Enterprises and Government: A possible dialogue
According to the proposal, a dynamic “Office for Innovation in CSR” in the US would help ensure that the federal government not only leads and assists the business sector to integrate the best practices in governance, transparency and management of environmental and social issues, but also that it incorporates this focus on sustainability throughout its own agencies. They suggest this office be based in the Domestic Policy Council, and work closely with the National Economic Council and the National Security Council to ensure appropriate inter-agency coordination on both the domestic and international fronts. In addition, they suggest that the leadership of this effort be comprised of staff with professional experience in corporate social responsibility approaches and an ability to forge partnerships between government agencies, and with the private sector.

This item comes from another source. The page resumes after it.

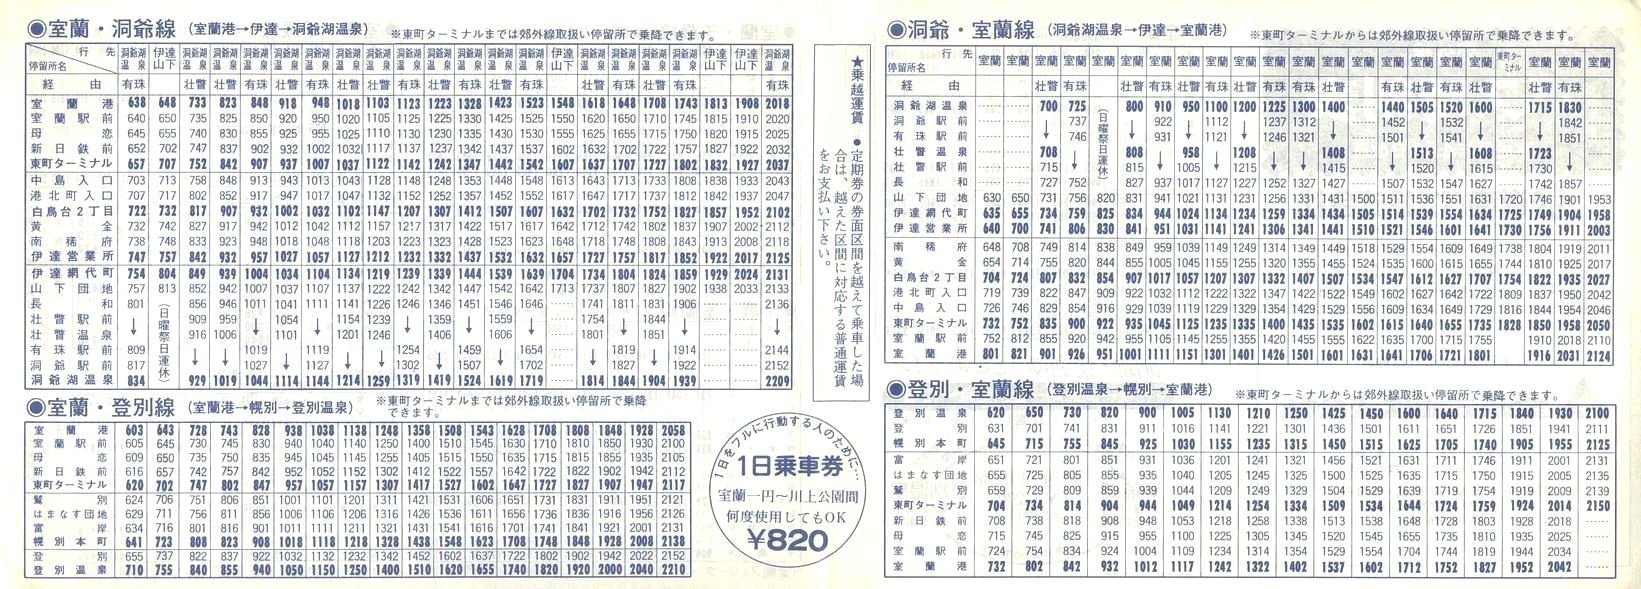 1989-04-01改正_道南バス_室蘭版郊外線時刻表裏面

Certainly, there a number of cases that show that government is interested in promoting CSR. For example, in May 2008, the Danish government presented its action plan for Corporate Social Responsibility. The action plan contains a total of 30 initiatives in four key areas:
1. Propagating Business-driven Social Responsibility. The Danish Government wants to strengthen reporting on CSR by large businesses, and provide knowledge and tools for working with business-driven CSR based on internationally recognised principles (for instance, United Nations Global Compact).
2. Promoting Busines Social Responsibility through Government Activities. It also intends to heighten focus on social responsibility in connection with state purchasing, investments and state-owned public limited companies.
3. Corporate Sectors Climate Responsibility. It wants to underpin the active role of business in meeting global climate challenges, by reducing energy consumption and greenhouse gas emissions in their own and suppliers businesses.
4. Marketing Denmark for Responsible Growth. Finally, it wants to initiate targeted international marketing of Denmark as a centre of responsible growth. These activities aim at helping Danish businesses reap greater benefits from CSR work.
Currently, when uncertainties are part of a managers daily activities, the role of government in promoting CSR is stronger than in the past. This is why these initiatives are more important in a time of crisis.
However, some governments, instead of reinforcing CSR practices among businesses, are creating obstacles. For instance, nowhere is the gap between the public and private spheres more evident than in compliance systems for labour standards in developing countries. While national labour ministers dispatch official inspectors, global brands send in-house or external auditors to many of the same factories. Rarely do these two auditing systems intersect, especially lamentable because the two systems are pursuing the same basic goals: more stringent and worker-management remediation systems; and, better conditions for workers, their families and communities.
But who should convene this ministerial-brand dialogue? Pilot projects might begin at the national level in some cases. The International Labour Organization, with its tripartite government-employer-union governance structure, might play a useful umbrella role by enabling the sharing of information and exchange of best practices.
It is time for government and for global brands, and their organizations, to get out of their bunkers and engage in dialogue. Engagement between these actors is the natural step to avoid duplication of efforts, increase coverage of workers, share resources, enhance efficiencies and reduce costs. All of this tends to improve competitiveness among enterprises.